• Work required
Set down, unchanged, the line holding "Photo of Irwin" and all lines that follow it to the end of the material, leaving pictures out.

• Data provided
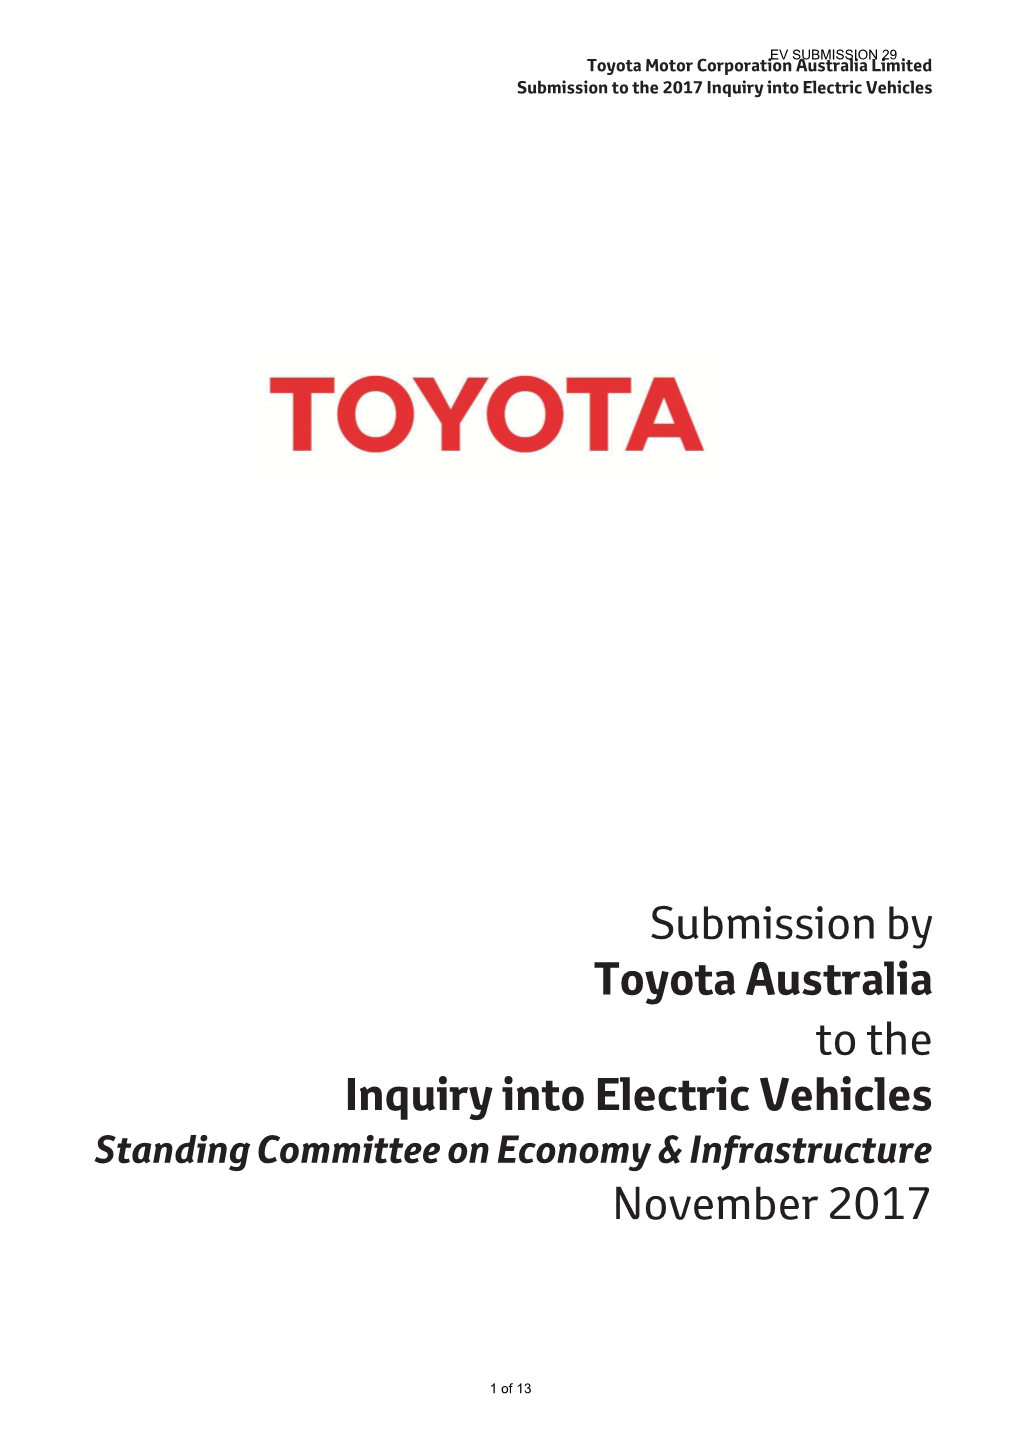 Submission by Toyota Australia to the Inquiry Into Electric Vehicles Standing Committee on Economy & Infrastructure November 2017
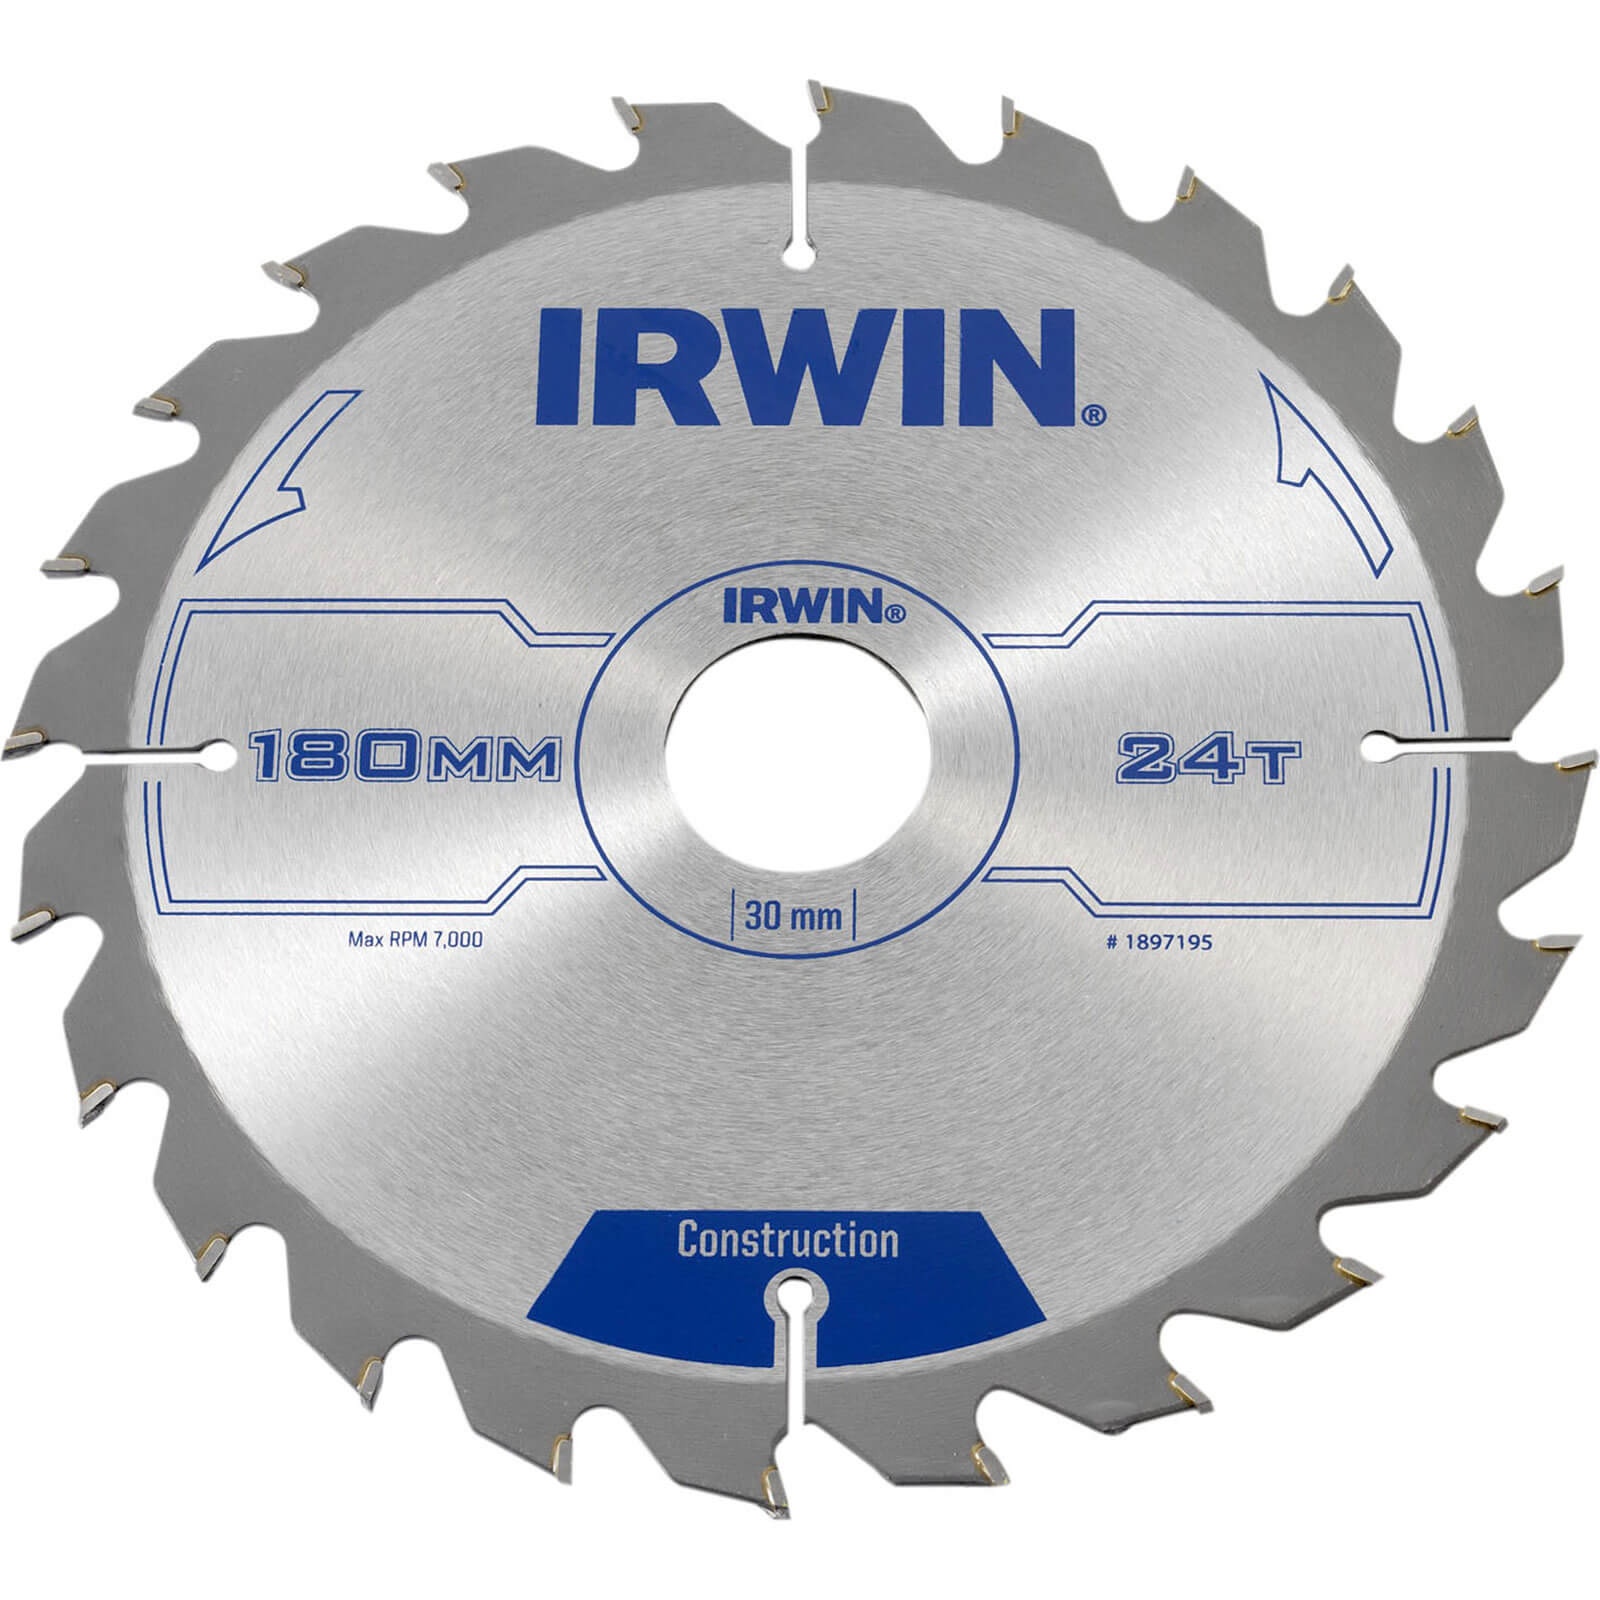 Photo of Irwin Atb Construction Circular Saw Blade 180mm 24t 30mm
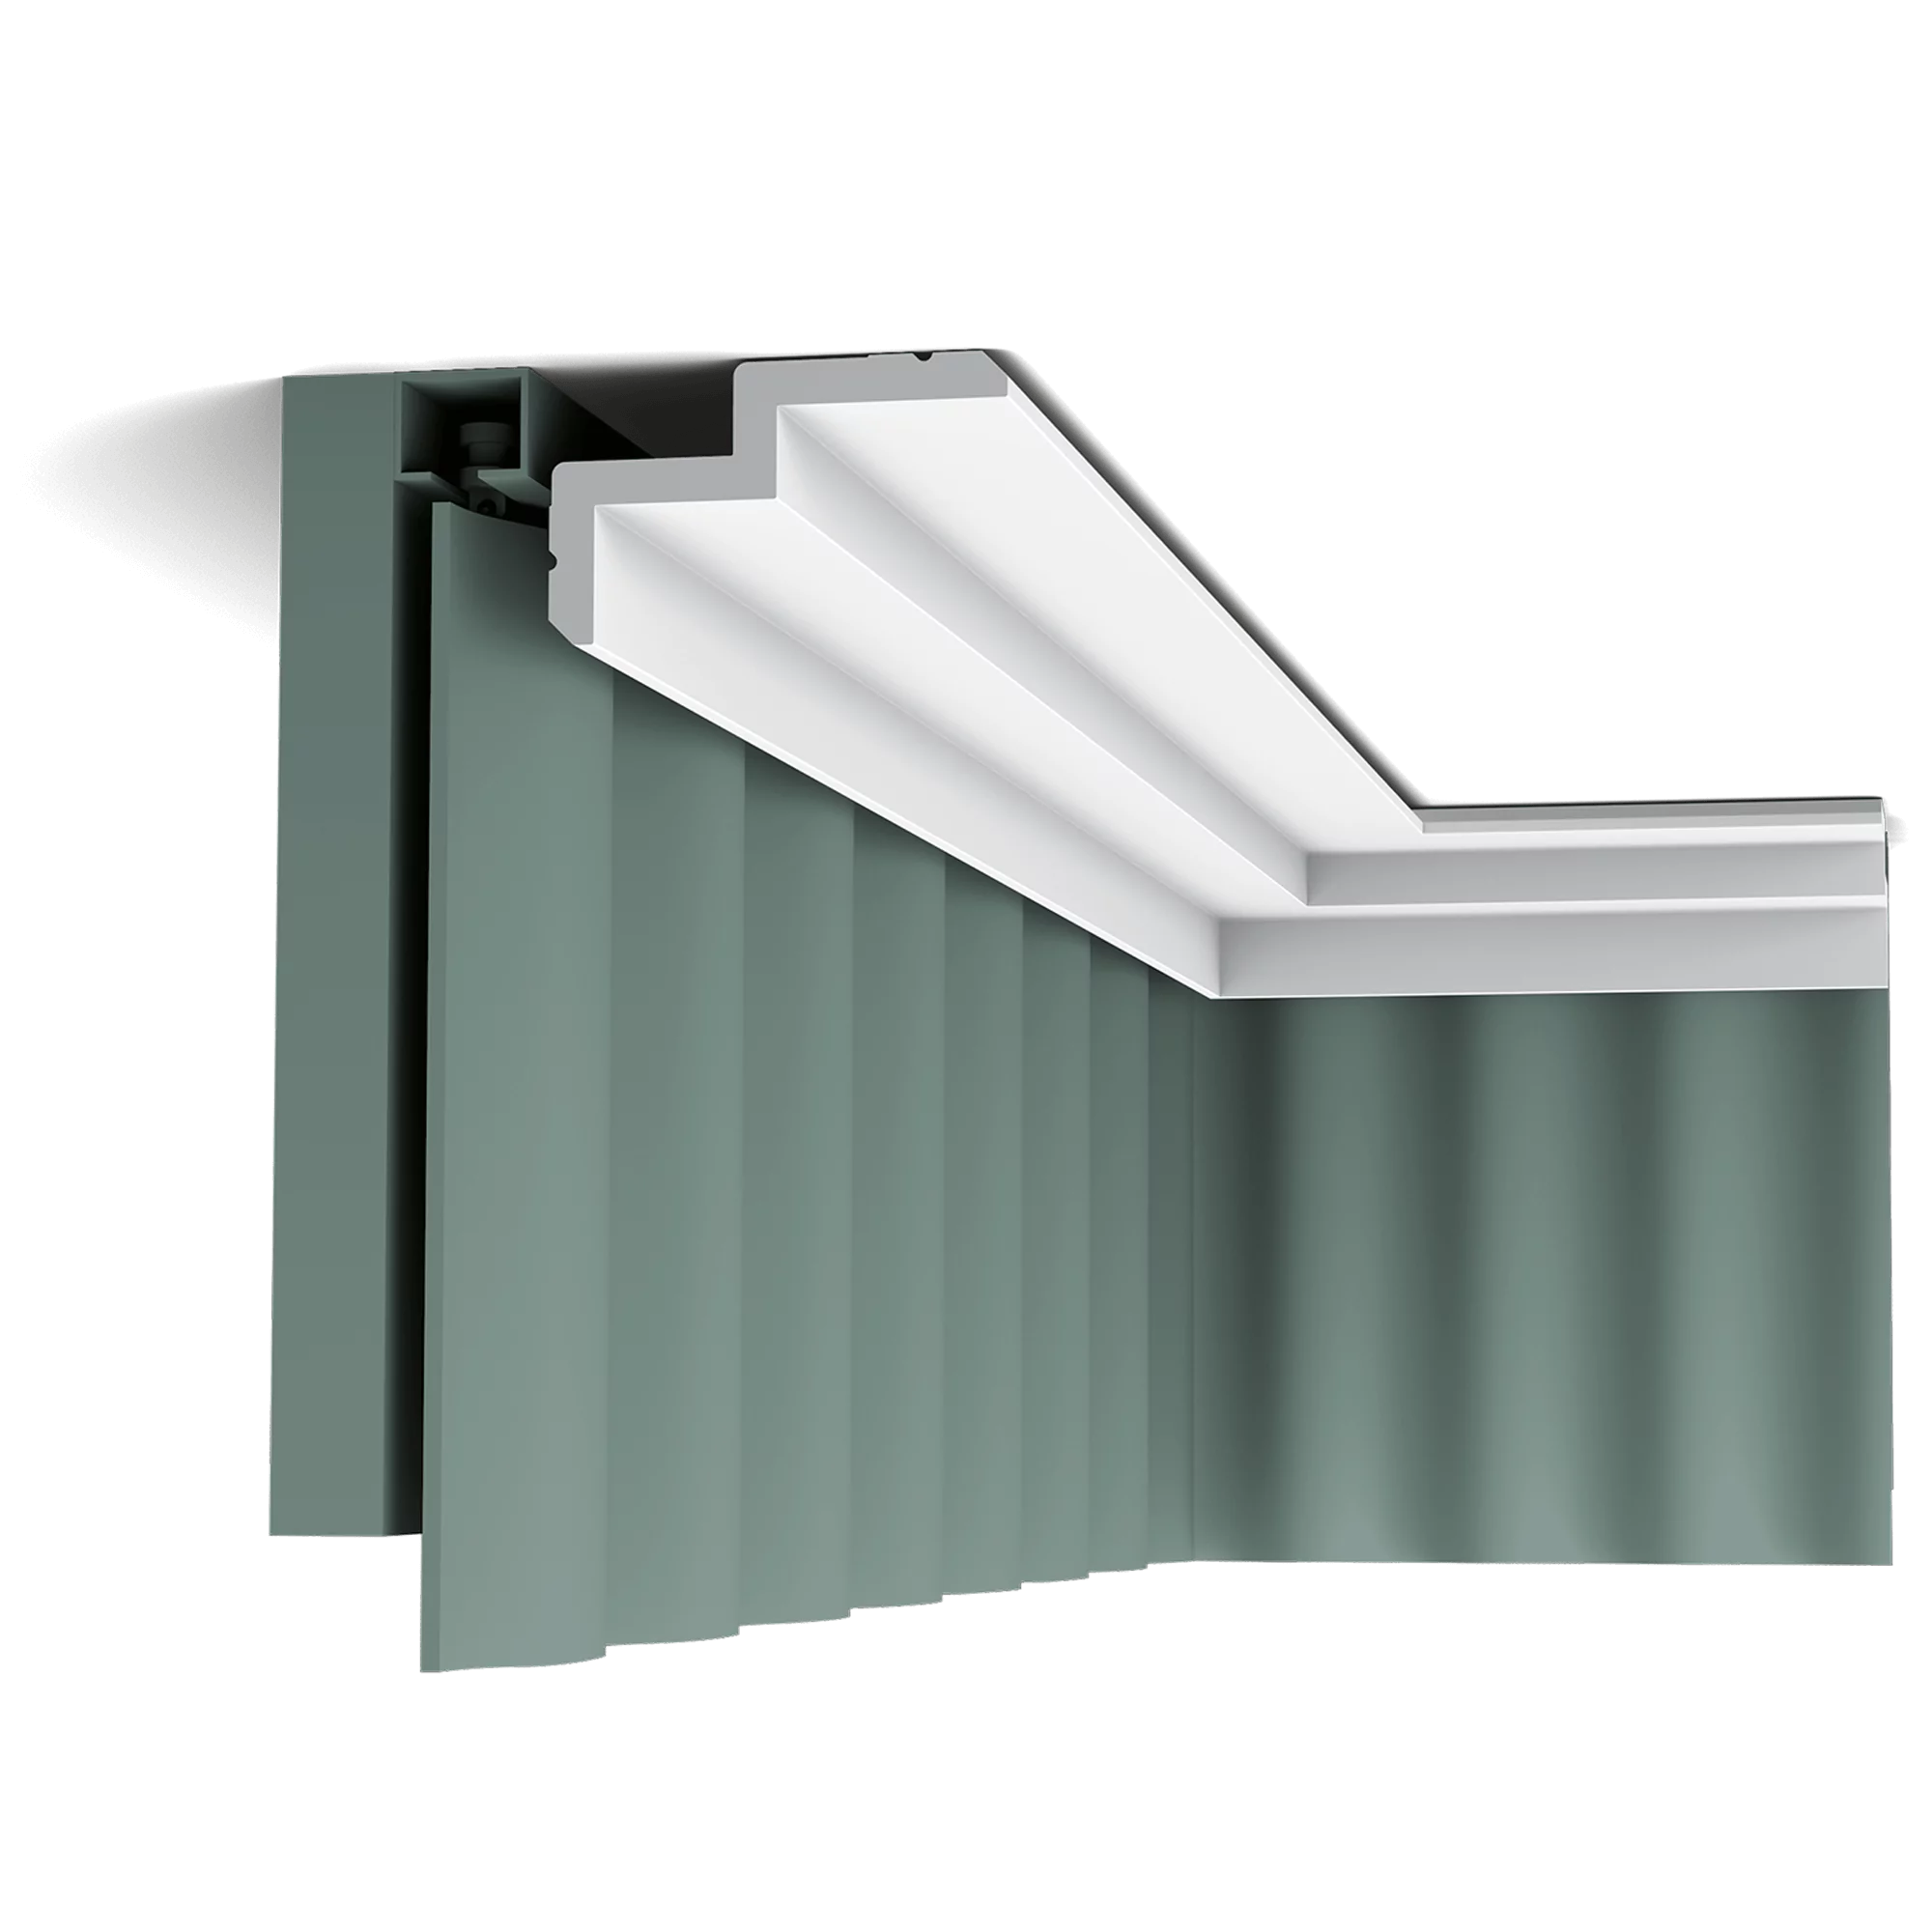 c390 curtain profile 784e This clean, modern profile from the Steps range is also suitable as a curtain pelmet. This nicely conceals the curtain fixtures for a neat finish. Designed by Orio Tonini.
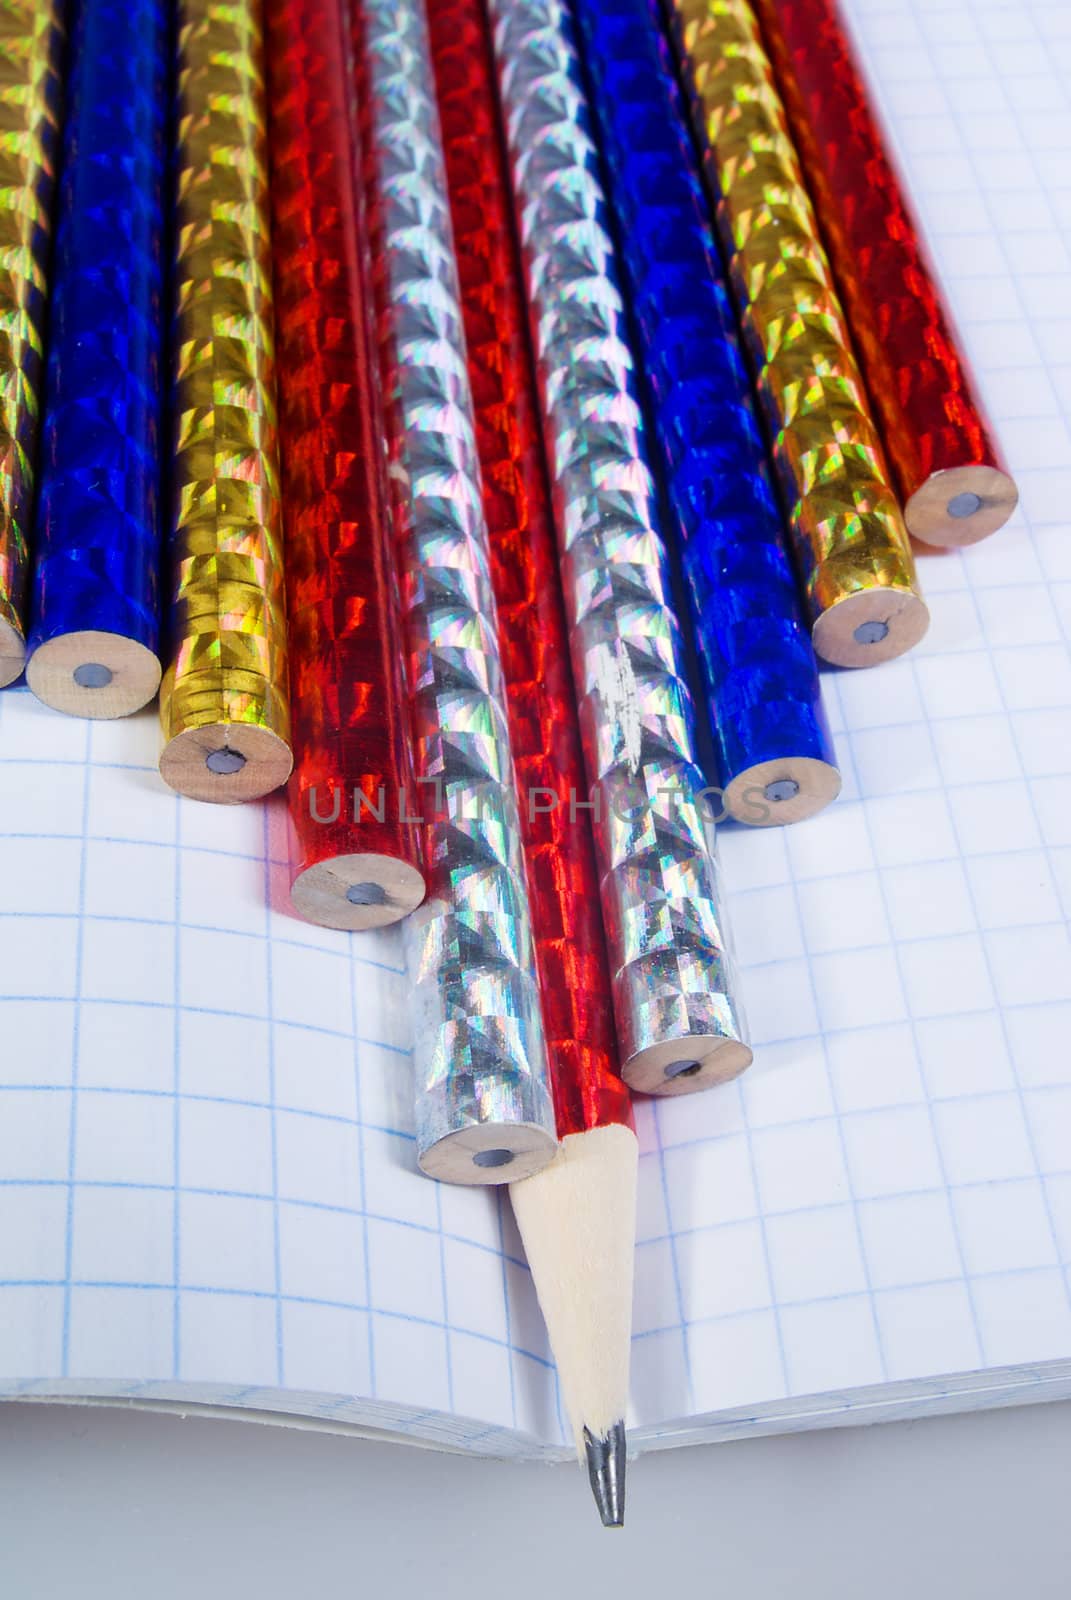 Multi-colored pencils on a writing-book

• Solution to this problem
 Photo of Irwin Atb Construction Circular Saw Blade 180mm 24t 30mm
 c390 curtain profile 784e This clean, modern profile from the Steps range is also suitable as a curtain pelmet. This nicely conceals the curtain fixtures for a neat finish. Designed by Orio Tonini.
 Multi-colored pencils on a writing-book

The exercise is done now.